The most common system for the compression of video is MPEG. It works like this. The single data stream off the CD-ROM is split into video and audio components, which are then decompressed using separate algorithms.
The video is processed to produce individual frames as follows. Imagine sequence of frames depicting a bouncing ball on a plain background. The very first is called an Intra Frame (I-frame). I-frames are compressed using only information in the picture itself just like conventional bitmap compression techniques like JPEG.
Following I-frames will be one or more predicted frames (P-frames).
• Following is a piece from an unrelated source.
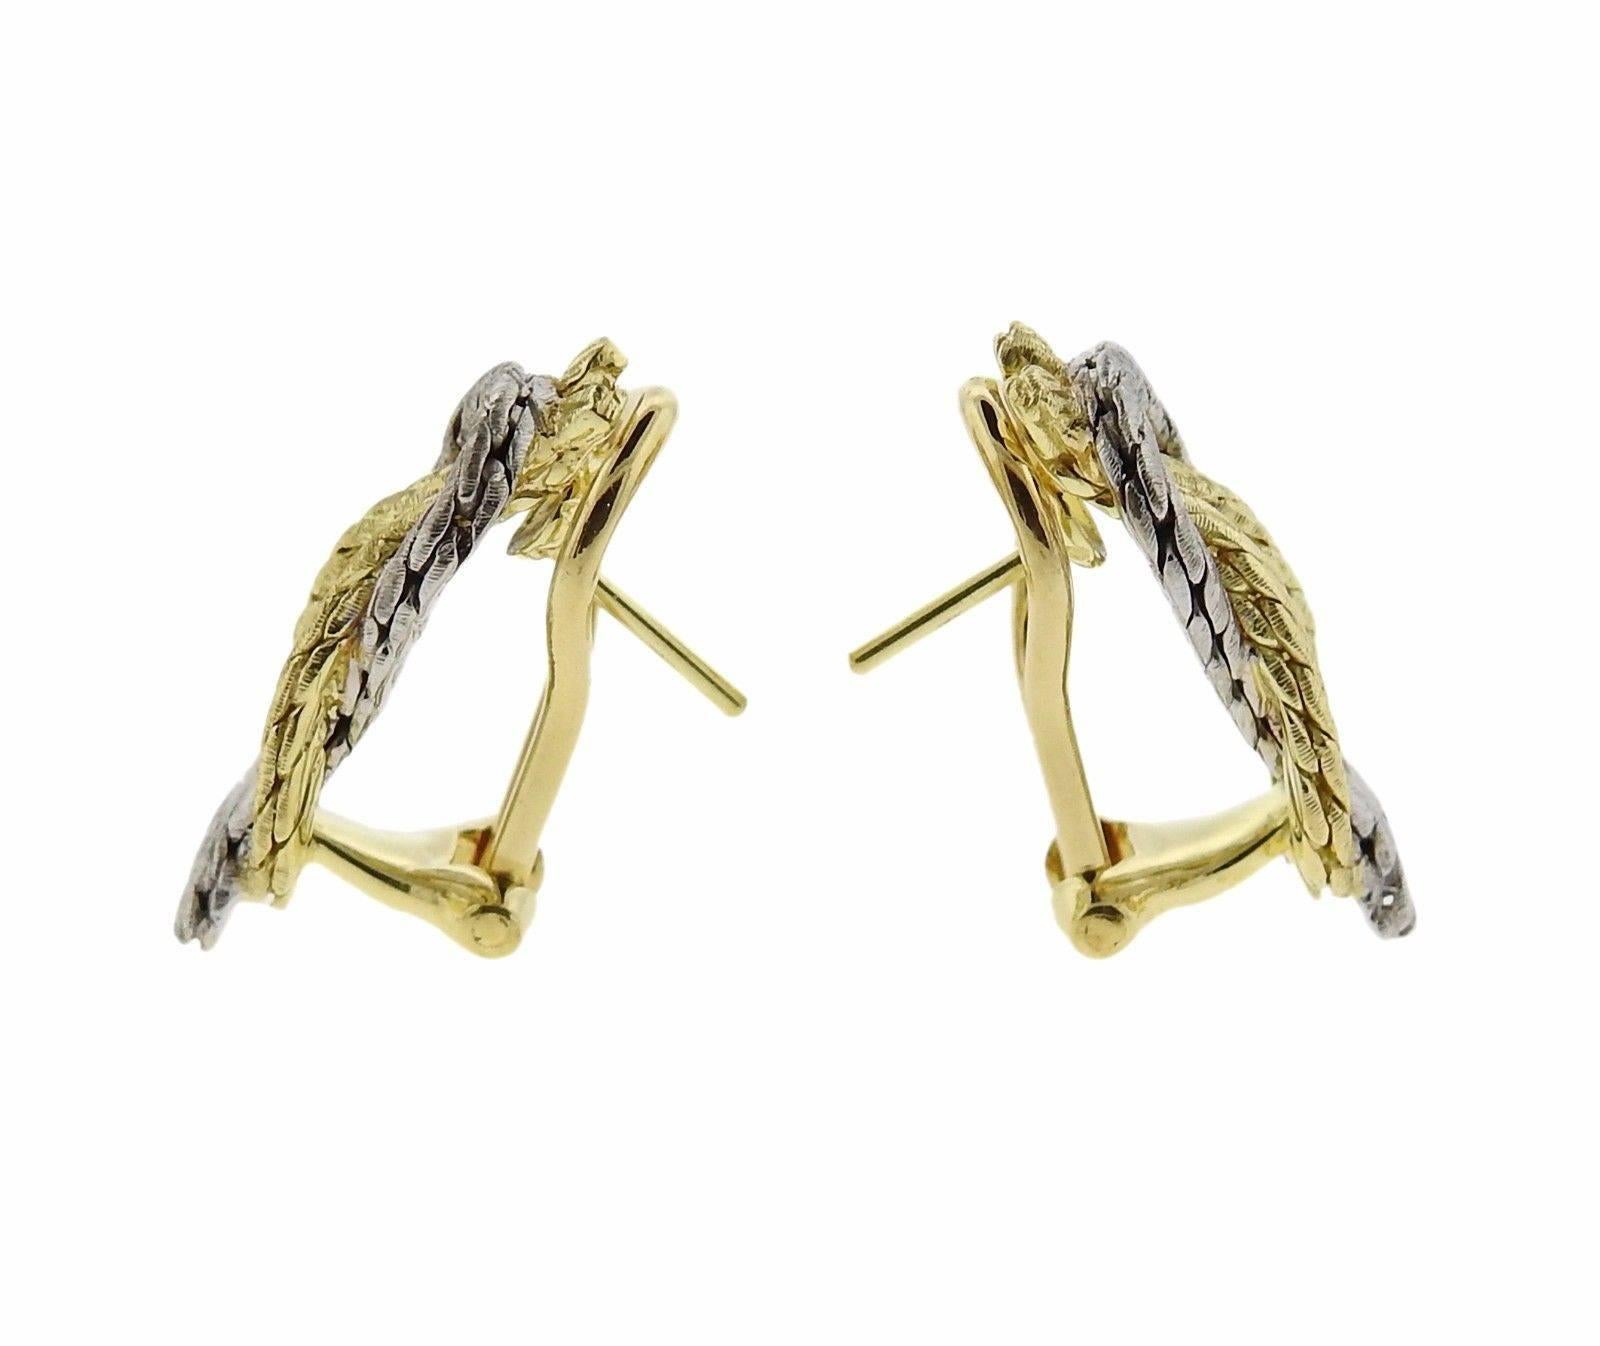 A pair of 18k yellow and white gold earrings measuring 20mm x 9mm and weighing 9.65 grams.  Marked: 18k,  Italy, Buccellati.  The current retail of this pair is $3640.
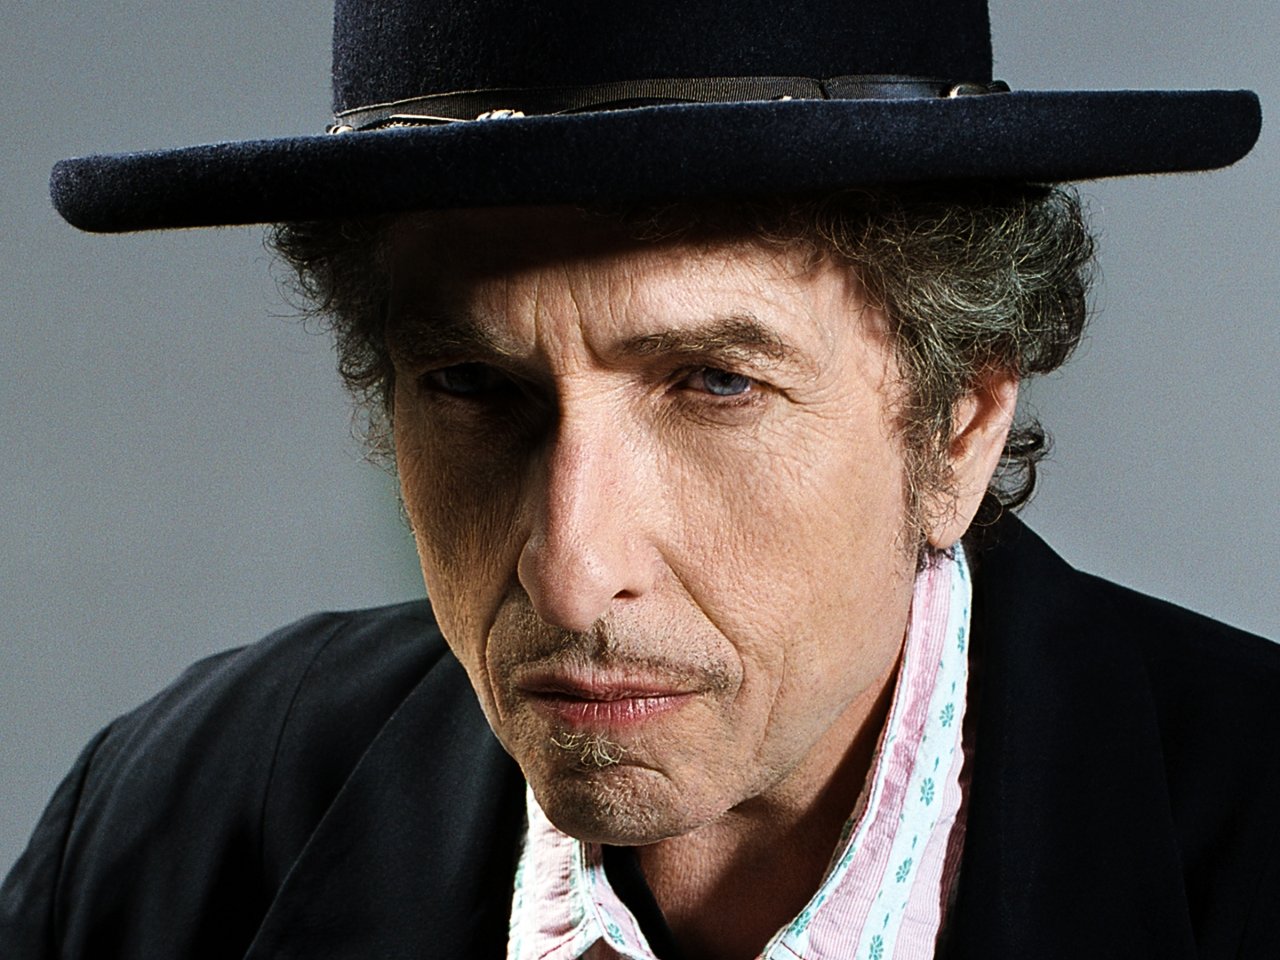 Bob Dylan, Once a Political Singer-Songwriter, to Release 3 CDs of Crooning Classic Songs

The difference between the P-frame and I-frame it is based on is the only data that is stored for this P-frame. For example, in the case of a bouncing ball, the P picture is stored simply as a description of how the position of the ball has changed from the previous I-frame. This takes up a faction of the space that would be used if you stored the P-frame as a picture in its own right. Shape or color changes are also stored in the P-frame. The next P-frame may also be based on this P-frame and so on. Storing differences between the frames gives the massive reduction in the amount of information needed to reproduce the sequence. Only a few P-frames are allowed before a new I-frame is introduced into the sequence as anew reference point, since a small margin of error creeps in with each P-frame.
Between I and P-frames are bi-directional frames(B-frames), based on the nearest I or P-frames both before and after them. In our bouncing ball example, in a B-frame the picture is stored as the difference between the previous I or P-frame and the B-frame and as the difference between the B-frame and the following I or P-frame. To recreate the B-frame when playing back the sequence, the MPEG algorithm uses a combination of two references. There may be a number of B-frames between I or P-frames. No other frame is ever based on a B-frame so they don’t propagate errors like P-frames.
Typically , you will have two or three Bs between Is or Ps, and perhaps three to five P-frames between Is.